A few years ago I sat down at my work computer at a large government department, opened my browser and went to YouTube to put some music on while I worked (they have blocked the radio because it took too much bandwidth). YouTube promptly loaded up a mix of all the kids music we were listening to at home. It took YouTube about 1.5 years to locate where I worked but it finally managed it. I wasn't logged into YouTube at home or the work computer but it still worked out that the person listening to music at this location in Canberra just logged on to a reasonably secure computer at this gov department. The best I can establish is through a combination of multiple sources of not secure data (eg wifi signal at work that my phone can see but not use, timing from home to work, some similarities between music played etc) it worked out where I was.

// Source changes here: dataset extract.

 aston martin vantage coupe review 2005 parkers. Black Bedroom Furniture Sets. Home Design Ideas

This may not sound like a big deal but the more I thought about it the more I realised if YouTube could put those two locations together and work out who I was then essentially anyone could use my phone to connect me to online activity elsewhere, especially an environment where we don't control the software/apps we can use eg. work.
Not sure if ulstrasonic cross-device tracking is still a thing or not, bit it might have played a part. See slide 29 here: https://www.blackhat.com/docs/eu-16...sures-Of-Ultrasonic-Cross-Device-Tracking.pdf

I'm not sure when that above PDF was made but it must have been a couple of years ago as it's been a couple of years since it was shown that ultrasonic code can be detected by the micro electro-mechanical gyroscopes in any device that measures tri-axis movement (as in when your screen switches from landscape to portrait, or a game measures which way you're holding a devices, etc), and information can be received by your device without consent. Read about it here: https://caslab.csl.yale.edu/publications/matyunin2018zeropermission.pdf The point here being that even if you disable your mic, you're still susceptible to receiving information without consent.
 

johnny

I'll tells ya!
Staff member
Actually, that reply ^^^ was intended for @ualf in regards to his post on coffee machine adverts.

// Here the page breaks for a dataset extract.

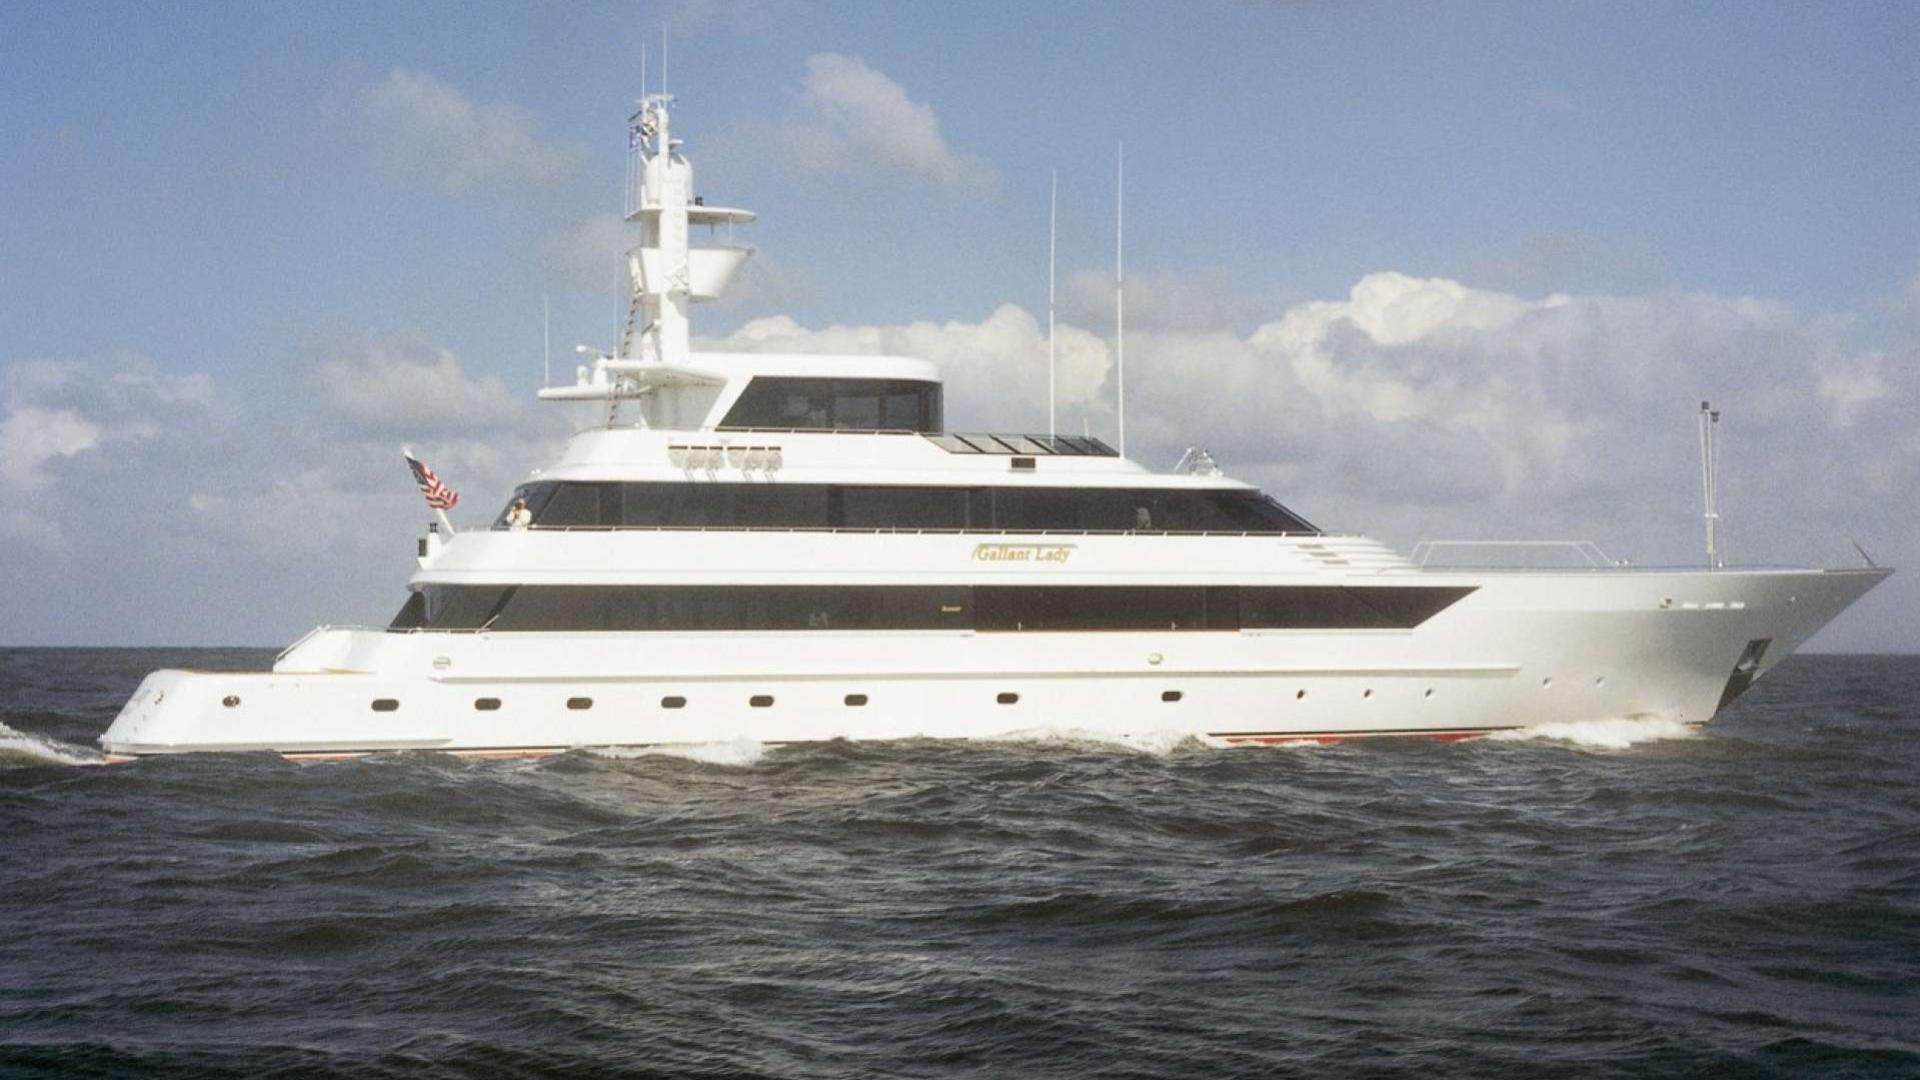 ice-bear-ii-motor-yacht-feadship-1988-54m-cruising

I just suck at technology, is all.
 

johnny

I'll tells ya!
Staff member
Who's noticed that the self-checkouts at Woolies now have a video camera pointed at your face as you scan your goods. Would be interesting to know whether your face could be tracked by other cameras around the store as you browse each time you visit, a profile built and attached to the card you paid with, whether it's a loyalty card or not.

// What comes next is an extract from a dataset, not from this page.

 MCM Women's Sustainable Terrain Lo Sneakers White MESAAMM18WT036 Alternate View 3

I assume the tech to do all this is already available, but would they need my consent to do it? Possibly not if my name is not attached to the profile, but I imagine with aggregation it could well end up becoming linked anyway.
That started in about Sept last year, and they were called on it in the media. They stated that nothing is recorded and that it's a shoplifting deterrent as "studies show" people are more honest if they think they are being watched.

I've been using cash for the groceries since it came out that they were skirting the bounds of legality by matching purchasing behaviour with your credit/debit card. It sucks as you have to go to the ATM and it makes doing the household budget so much more laborious. But, if you think of your trolley and the approx 30-50 items in it, that's a lot of decision points made each time you shop, which can greatly assist psychometric profiling, health forecasting, etc.
 

johnny

I'll tells ya!
Staff member
So...user driven, except when it's not?
Yes, precisely, and I've been trying to get more information on the "when it's not part". right?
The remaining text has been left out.